To form lipid-only SMALPs, the 2% (w/v) DMPC suspension was mixed at a 1:1 ratio with 2.5% (w/v) polymer in buffer 1, which promptly clarified (<5 s). To remove excess free polymer the sample was then run on a Superdex 200 10/300 column (GE Healthcare), equilibrated with buffer 1, at a flow rate of 0.5 ml/min, and the fractions corresponding to SMALPs harvested (Supplementary Fig. 1).

Dynamic light scattering (DLS)

100 μl of lipid-only SMALPs or 2% (w/v) DMPC lipid suspension was added to 1900 μl of buffer 1. Dynamic light scattering (DLS) data were recorded using a Brookhaven NanoBrook 90plus Zeta instrument (640 nm) using a 1.0 cm path length disposable cuvette (Brand BMBH). Measurements were taken at a temperature of 25 °C with 30 s equilibration time. Automated instrument parameters were used. Each measurement was repeated at least 6 times.
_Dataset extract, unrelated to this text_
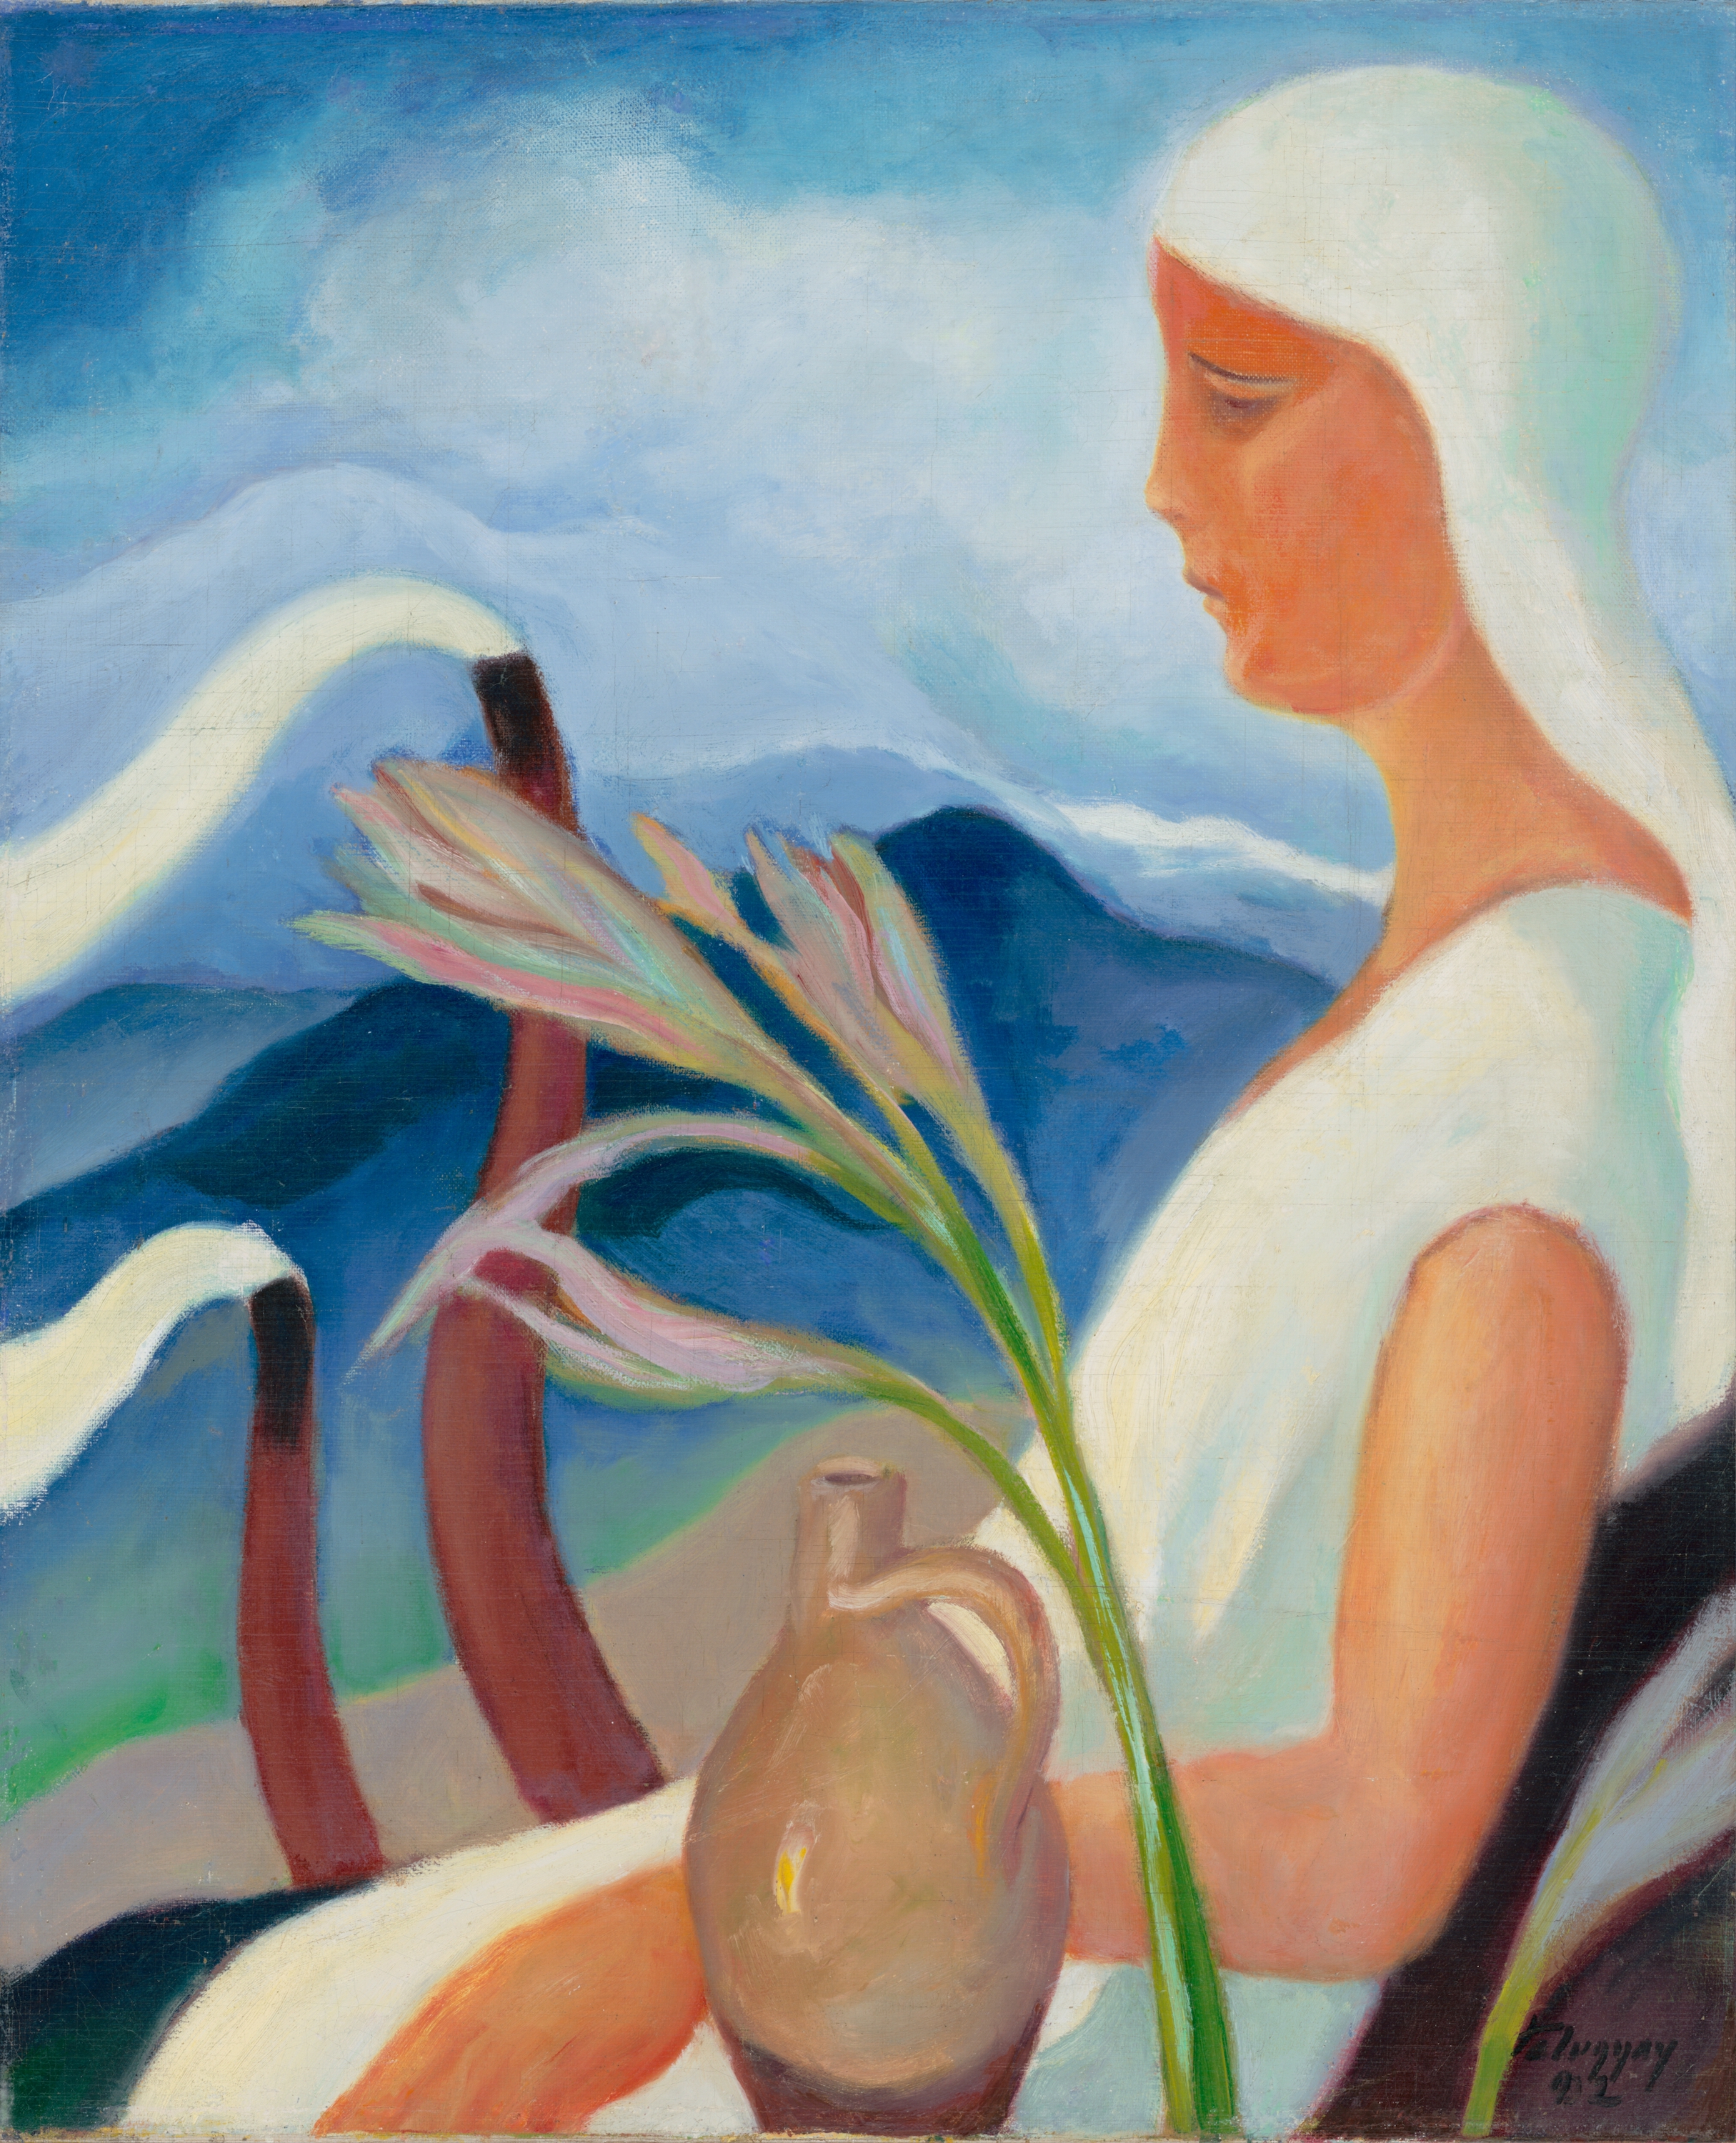 白衣女孩和工廠的煙囪和鮮花 by Zoltán Palugyay - 1932 - 61.5 x 51.5 cm 
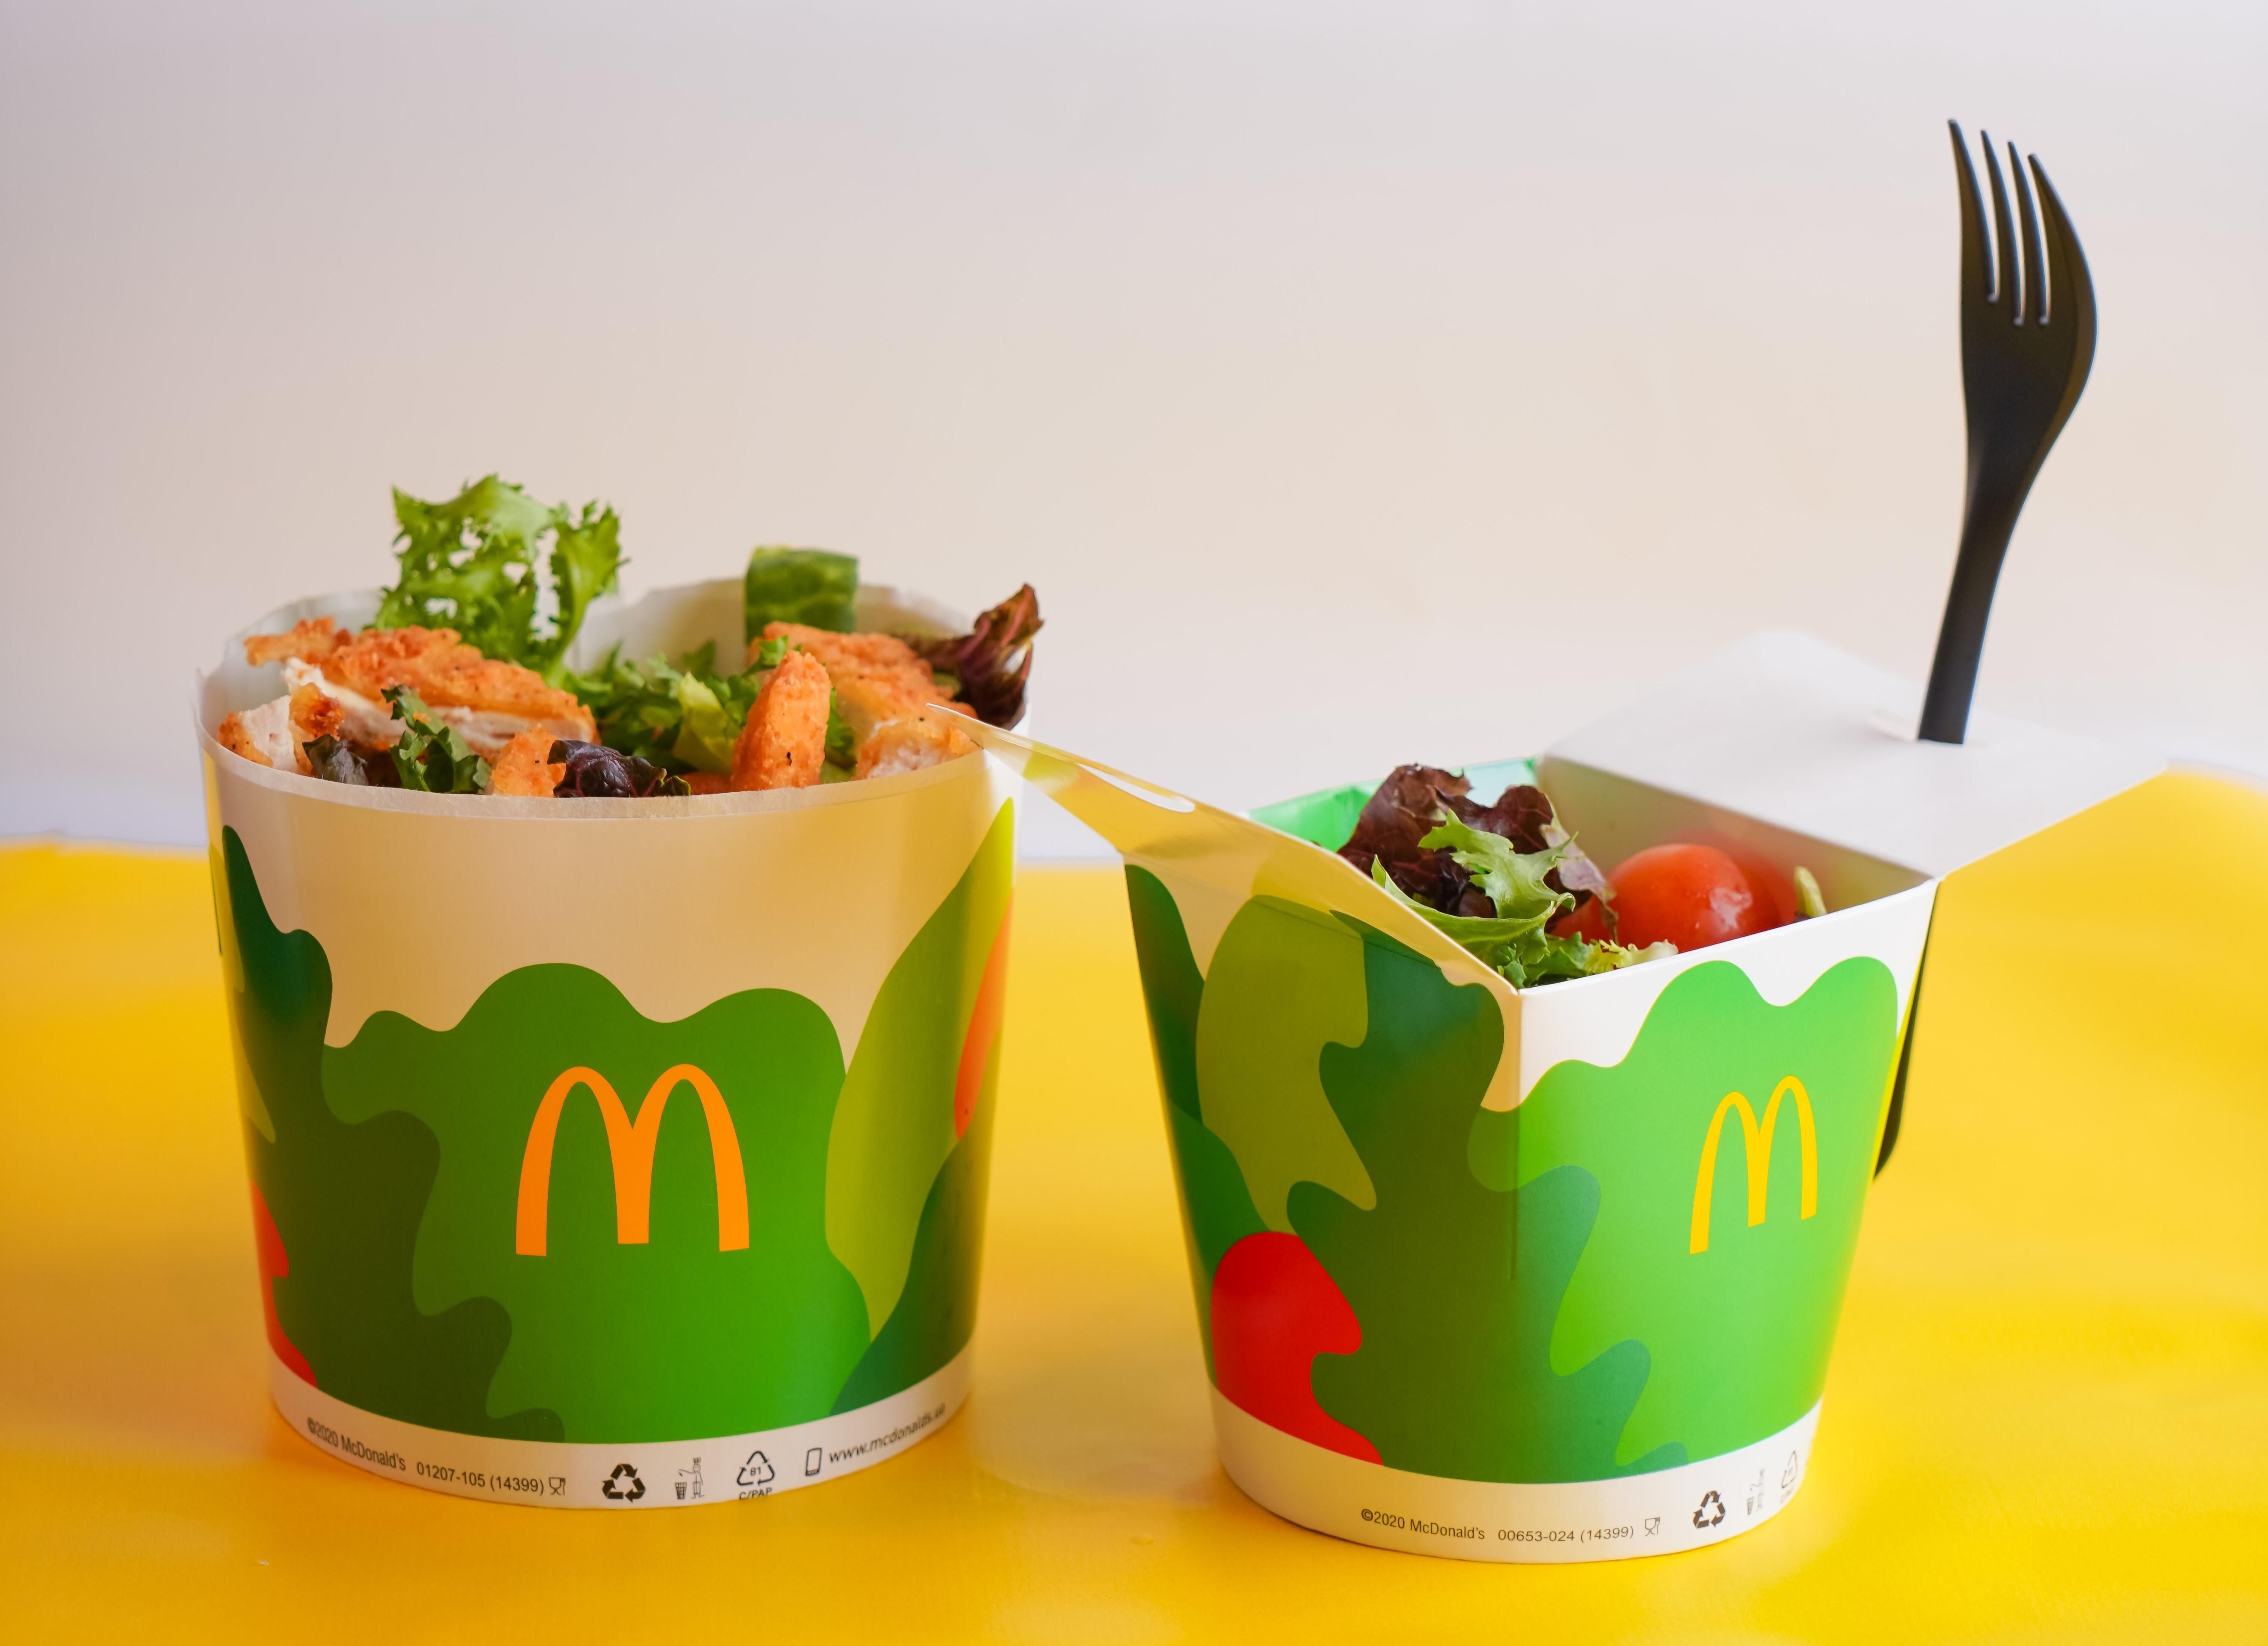 Легкие и питательные: что нужно знать о салатах в ресторанах McDonald's - Тренды

DLS experiments for all stability studies were performed using a DynaPro Plate Reader III and DYNAMICS software (Wyatt Technology, Haverhill, UK), using a laser wavelength of 825.4 nm with a detector angle of 150°. Each sample (40 μl of purified SMALPs or 0.625 mg/ml DMPC liposomes) was loaded into a 384-well glass bottom SensoPlate™ (Greiner Bio-One, Germany) in triplicate. Each measurement consisted of 5 scans of 5 s. The attenuator position and laser power were automatically optimised for size (nm) determination. For thermostability measurements, scans were carried out at a starting point of 25 °C, with discrete 5 °C temperature increments, up to 65 °C. Each increase in temperature was maintained to establish equilibrium before data collection. For time course studies, 100 measurements consisting of 5 acquisitions of 5 s were carried out over the course of 1 h to monitor lipid-only SMALP stability. Measurements were taken at a temperature of 25 °C.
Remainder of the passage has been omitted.